I agree with this article. I love the fact that fundamental thinking takes the center stage in this article, though, recognizing the fact that sooner, than later, oil will rise probably next year half way in June or July.

 Monday, 02 November 2009 17:27 EST - Posted by erich

 
The law of supply and demand is not repealed by dollar weakness, the price of oil is down or up depending on which currency is used to buy it.

 Monday, 02 November 2009 19:42 EST - Posted by Todd Markle

 
I believe the price of oil is not correlated to supply and demand or the dollar. If you look back, oil prices dropped when the big brokerage houses were in financial trouble and were therefore not in a position to speculate on the movement of oil. Now that they have been bailed out and are on more solid footing they are speculating on oil again, causing the price to increase. Check the dates of the brokerage houses health and liquidity against the price of oil and you will see the correlation between the stability of the big brokerage houses and the price of oil.

 Monday, 02 November 2009 20:30 EST - Posted by erich

 
Todd, you're making the case for supply/demand, the market makes no distinction of who the buyers or sellers are.

 Monday, 02 November 2009 21:33 EST - Posted by Todd

 
Yes, I agree except the buyers and sellers in this case are not making those decisions based on need or demand but for pure profit. I am all for this. I have not problem with anyone making money in our free market society. They are also making money on the rise or the fall of the price of oil based on what particular trade they are executing. They do not take delivery(they hope) or reduce their supply based on their trades. Help me out here if I am wrong.

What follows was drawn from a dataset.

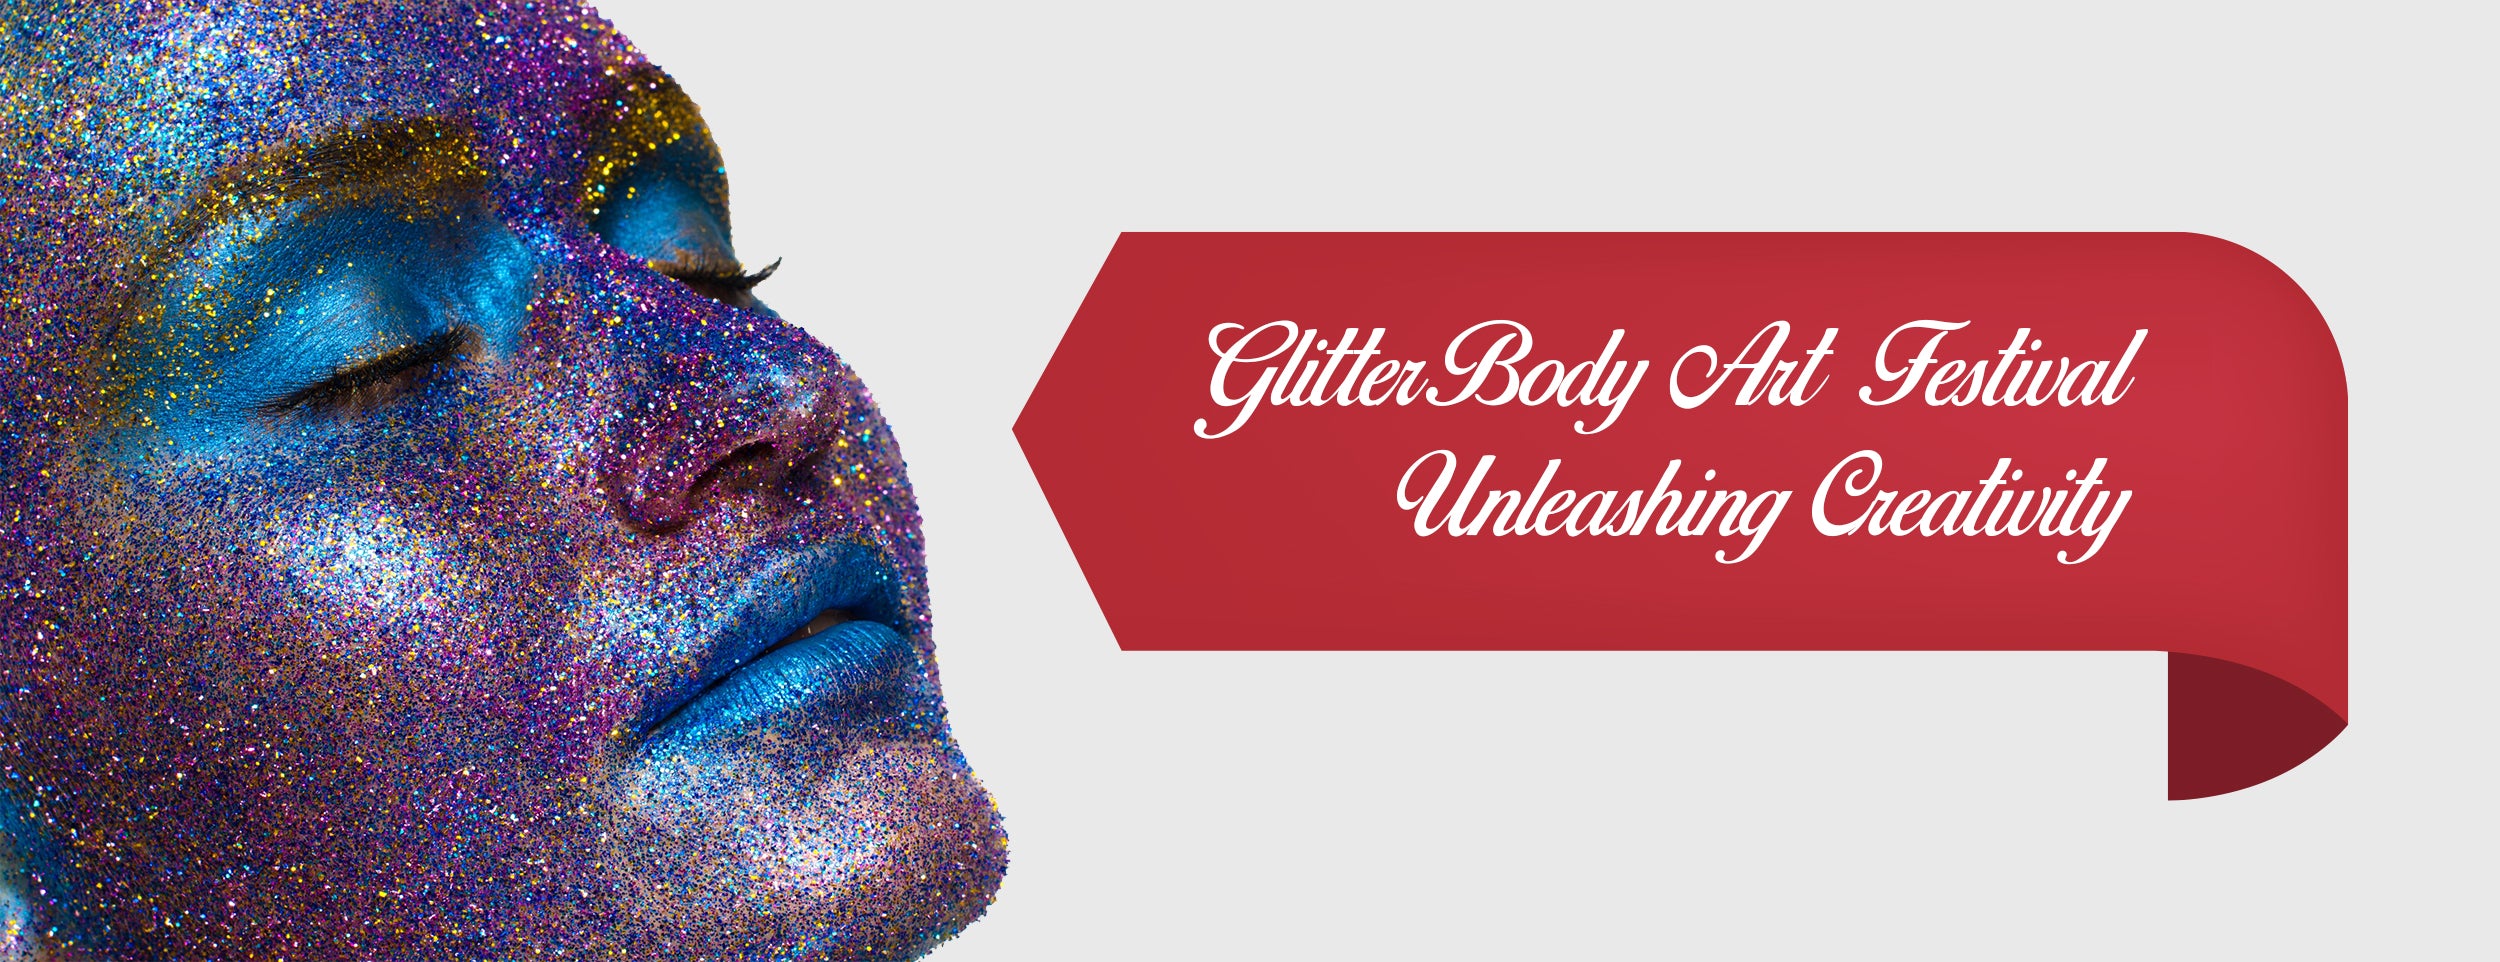 Glitter Body Art Festival Shaping the Future

 Tuesday, 03 November 2009 13:51 EST - Posted by erich

 
all commerce is about profit while it fills a need. It takes two to make a market, a buyer (demand) and a seller (supply). If a buyer doesn't want to take delivery he has to find another buyer who will settle with seller at whatever likely lower price he will accept. That's what makes a market or speculation if you will.
Conversely, in gold right now we seem to have speculators forcing sellers to make physical delivery since they are sensing a short squeeze opportunity.